◆ **RECORDED INFORMATION**:
Segment Open

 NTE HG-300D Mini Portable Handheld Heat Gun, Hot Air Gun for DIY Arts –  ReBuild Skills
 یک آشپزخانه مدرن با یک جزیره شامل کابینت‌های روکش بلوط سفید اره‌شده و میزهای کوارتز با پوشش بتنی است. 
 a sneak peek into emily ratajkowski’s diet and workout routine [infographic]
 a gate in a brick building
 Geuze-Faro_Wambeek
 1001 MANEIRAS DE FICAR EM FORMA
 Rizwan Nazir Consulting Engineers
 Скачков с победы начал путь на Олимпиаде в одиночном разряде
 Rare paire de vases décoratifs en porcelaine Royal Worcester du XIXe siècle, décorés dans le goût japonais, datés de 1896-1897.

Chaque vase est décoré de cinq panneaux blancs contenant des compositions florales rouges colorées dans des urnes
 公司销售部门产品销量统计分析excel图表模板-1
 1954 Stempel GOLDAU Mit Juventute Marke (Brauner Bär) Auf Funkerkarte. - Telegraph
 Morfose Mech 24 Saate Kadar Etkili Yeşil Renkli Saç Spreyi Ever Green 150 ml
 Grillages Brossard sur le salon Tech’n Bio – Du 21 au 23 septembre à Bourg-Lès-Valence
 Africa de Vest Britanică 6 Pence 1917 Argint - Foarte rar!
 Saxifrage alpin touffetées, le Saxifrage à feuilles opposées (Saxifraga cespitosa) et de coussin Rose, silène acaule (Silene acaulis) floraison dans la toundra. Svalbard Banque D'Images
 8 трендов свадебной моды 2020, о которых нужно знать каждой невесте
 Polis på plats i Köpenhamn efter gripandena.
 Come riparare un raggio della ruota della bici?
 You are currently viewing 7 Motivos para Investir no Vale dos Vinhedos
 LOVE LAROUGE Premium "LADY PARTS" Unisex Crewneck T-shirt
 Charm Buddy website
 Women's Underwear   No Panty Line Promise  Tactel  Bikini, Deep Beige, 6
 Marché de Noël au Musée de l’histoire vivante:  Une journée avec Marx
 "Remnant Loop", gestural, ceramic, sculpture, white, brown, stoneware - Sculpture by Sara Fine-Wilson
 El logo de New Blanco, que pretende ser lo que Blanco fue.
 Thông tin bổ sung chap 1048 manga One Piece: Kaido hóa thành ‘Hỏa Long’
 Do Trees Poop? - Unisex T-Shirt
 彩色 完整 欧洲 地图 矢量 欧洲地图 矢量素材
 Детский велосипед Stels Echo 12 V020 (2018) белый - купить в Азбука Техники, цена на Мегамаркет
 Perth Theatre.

Segment Closed

Show every line above in which the word "dans" is found.

◆ **RESPONSE TO THIS TASK**:
 Rare paire de vases décoratifs en porcelaine Royal Worcester du XIXe siècle, décorés dans le goût japonais, datés de 1896-1897.
Chaque vase est décoré de cinq panneaux blancs contenant des compositions florales rouges colorées dans des urnes
 Saxifrage alpin touffetées, le Saxifrage à feuilles opposées (Saxifraga cespitosa) et de coussin Rose, silène acaule (Silene acaulis) floraison dans la toundra. Svalbard Banque D'Images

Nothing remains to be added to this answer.